Re: [PATCH] RFC: console: hack up console_lock more v3

From: Petr Mladek
Date: Thu May 09 2019 - 10:57:35 EST


On Thu 2019-05-09 14:09:03, Daniel Vetter wrote:
> console_trylock, called from within printk, can be called from pretty
> much anywhere. Including try_to_wake_up. Note that this isn't common,
> usually the box is in pretty bad shape at that point already. But it
> really doesn't help when then lockdep jumps in and spams the logs,
> potentially obscuring the real backtrace we're really interested in.
> One case I've seen (slightly simplified backtrace):
>
> Call Trace:
> <IRQ>
> console_trylock+0xe/0x60
> vprintk_emit+0xf1/0x320
> printk+0x4d/0x69
> __warn_printk+0x46/0x90
> native_smp_send_reschedule+0x2f/0x40
> check_preempt_curr+0x81/0xa0
> ttwu_do_wakeup+0x14/0x220
> try_to_wake_up+0x218/0x5f0
> pollwake+0x6f/0x90
> credit_entropy_bits+0x204/0x310
> add_interrupt_randomness+0x18f/0x210
> handle_irq+0x67/0x160
> do_IRQ+0x5e/0x130
> common_interrupt+0xf/0xf
> </IRQ>
>
> This alone isn't a problem, but the spinlock in the semaphore is also
> still held while waking up waiters (up() -> __up() -> try_to_wake_up()
> callchain), which then closes the runqueue vs. semaphore.lock loop,
> and upsets lockdep, which issues a circular locking splat to dmesg.
> Worse it upsets developers, since we don't want to spam dmesg with
> clutter when the machine is dying already.
>
> Fix this by creating a prinkt_safe_up() which calls wake_up_process
> outside of the spinlock. This isn't correct in full generality, but
> good enough for console_lock:
>
> - console_lock doesn't use interruptible or killable or timeout down()
> calls, hence an up() is the only thing that can wake up a process.
> Hence the process can't get woken and killed and reaped while we try
> to wake it up too.
>
> - semaphore.c always updates the waiter list while under the spinlock,
> so there's no other races. Specifically another process that races
> with a quick console_lock/unlock while we've dropped the spinlock
> already won't see our own waiter.
>
> Note that we only have to break the recursion for the semaphore.lock
> spinlock of the console_lock. Recursion within various scheduler
> related locks is already prevented by the printk_safe_enter/exit pair
> in __up_console_sem().

This is not fully true. printk_safe() helps only when
the first try_to_wake_up() is called from printk_safe() context.

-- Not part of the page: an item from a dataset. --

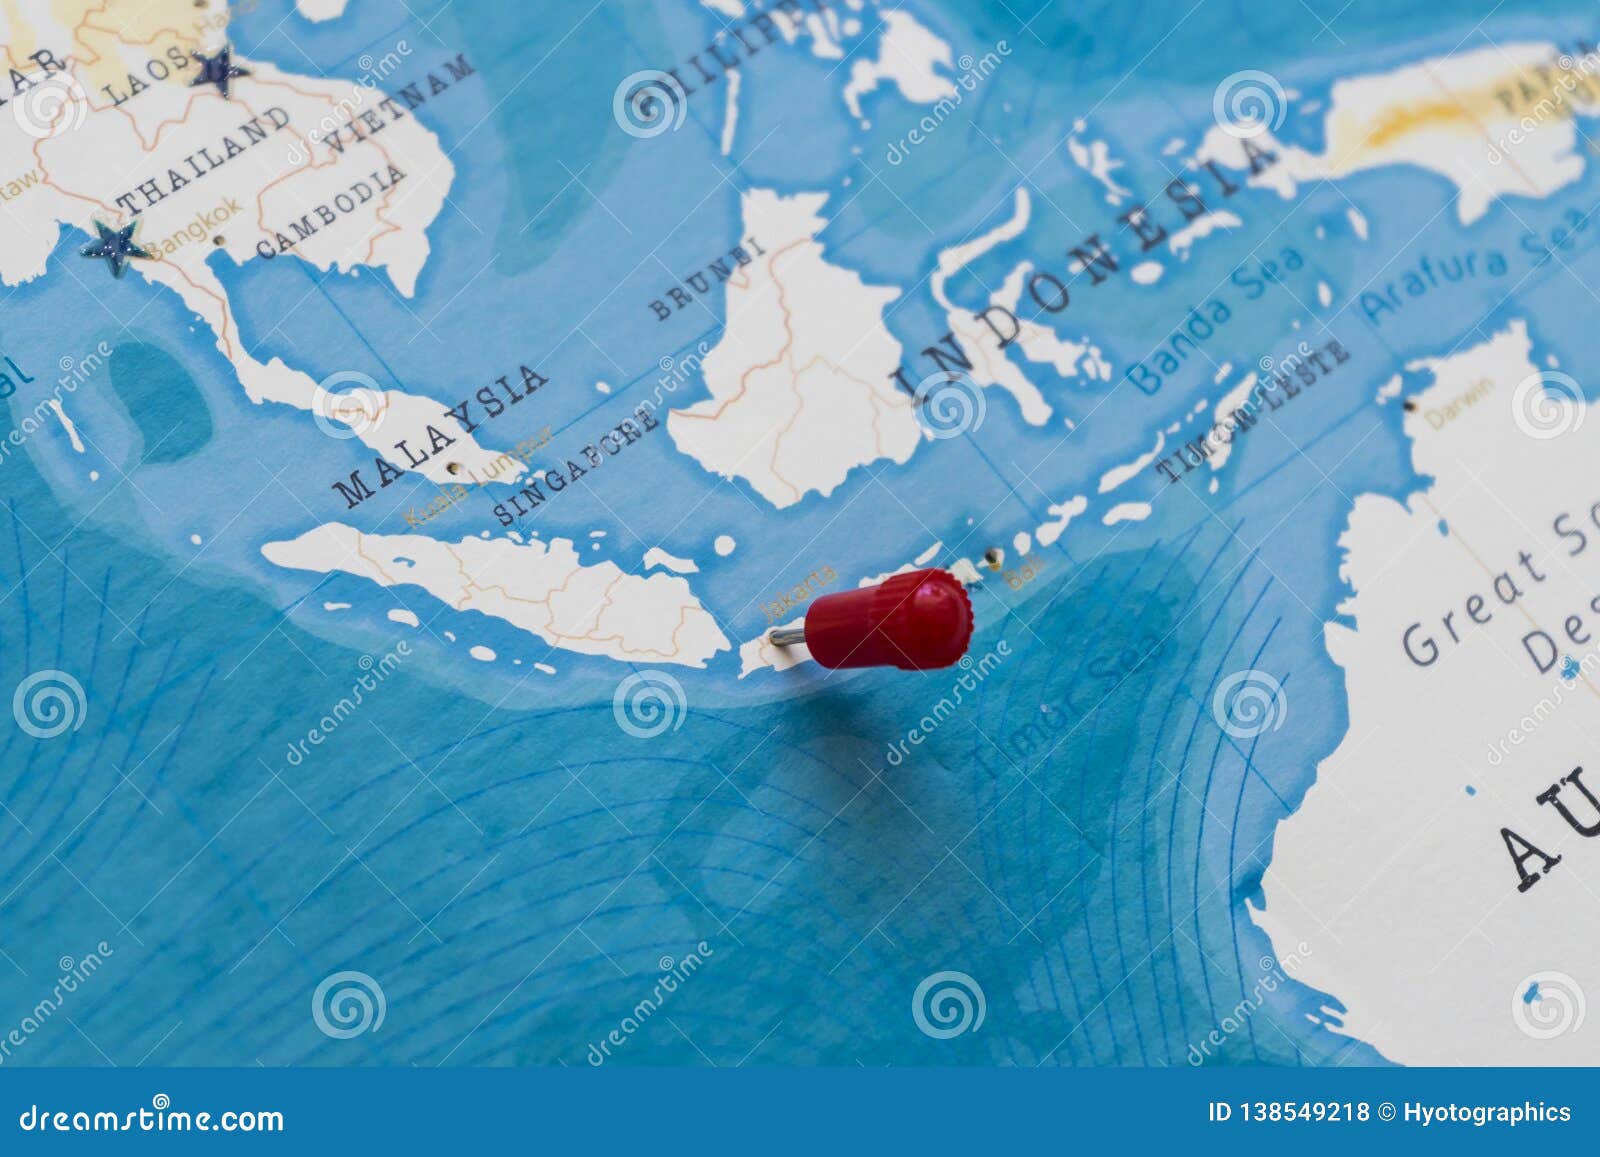 A Pin On Jakarta  Indonesia In The World Map Stock Photo

> --- a/kernel/locking/semaphore.c
> +++ b/kernel/locking/semaphore.c
> @@ -197,6 +197,37 @@ struct semaphore_waiter {
> bool up;
> };
>
> +/**
> + * printk_safe_up - release the semaphore in console_unlock
> + * @sem: the semaphore to release
> + *
> + * Release the semaphore. Unlike mutexes, up() may be called from any
> + * context and even by tasks which have never called down().
> + *
> + * NOTE: This is a special version of up() for console_unlock only. It is only
> + * safe if there are no killable, interruptible or timing out down() calls.
> + */
> +void printk_safe_up(struct semaphore *sem)
> +{
> + unsigned long flags;
> + struct semaphore_waiter *waiter = NULL;
> +
> + raw_spin_lock_irqsave(&sem->lock, flags);
> + if (likely(list_empty(&sem->wait_list))) {
> + sem->count++;
> + } else {
> + waiter = list_first_entry(&sem->wait_list,
> + struct semaphore_waiter, list);
> + list_del(&waiter->list);
> + waiter->up = true;
> + }
> + raw_spin_unlock_irqrestore(&sem->lock, flags);
> +
> + if (waiter) /* protected by being sole wake source */
> + wake_up_process(waiter->task);

I still do not see how this could help. Let's take the above
backtrace as example:

<IRQ>
console_trylock+0xe/0x60
vprintk_emit+0xf1/0x320
printk+0x4d/0x69
__warn_printk+0x46/0x90
native_smp_send_reschedule +0x2f/0x40
check_preempt_curr+0x81/0xa0
ttwu_do_wakeup+0x14/0x220
try_to_wake_up+0x218/0x5f0
pollwake+0x6f/0x90
credit_entropy_bits+0x204/0x310
add_interrupt_randomness+0x18f/0x210
handle_irq+0x67/0x160
do_IRQ+0x5e/0x130
common_interrupt+0xf/0xf
</IRQ>

We have the following chain of calls:

+ do_IRQ()
...
+ try_to_wake_up() # takes p->pi_lock
+ ttwu_remote() # takes rq lock
+ ttwu_do_wakeup()
+ check_preempt_curr()
+ native_smp_send_reschedule()
+ __warn_printk()
+ printk()
+ vprintk_emit()
+ console_trylock() # success
+ console_unlock()
+ up_console_sem()
+ up() # wait list in not empty
+ __up()
+ wake_up_process()
+ try_to_wake_up()

!BANG! Deadlock on p->pi_lock.

It does not matter if the nested try_to_wake_up() was called
under sem->lock or outside.

By other words. The patch removed one lockdep warning. But it just
just delayed the deadlock. It will not happen on sem->lock but
later on p->pi_lock.

I am repeating myself. But IMHO, the only solution is to introduce
printk deferred context and use it in WARN_DEFERRED().

Best Regards,
Petr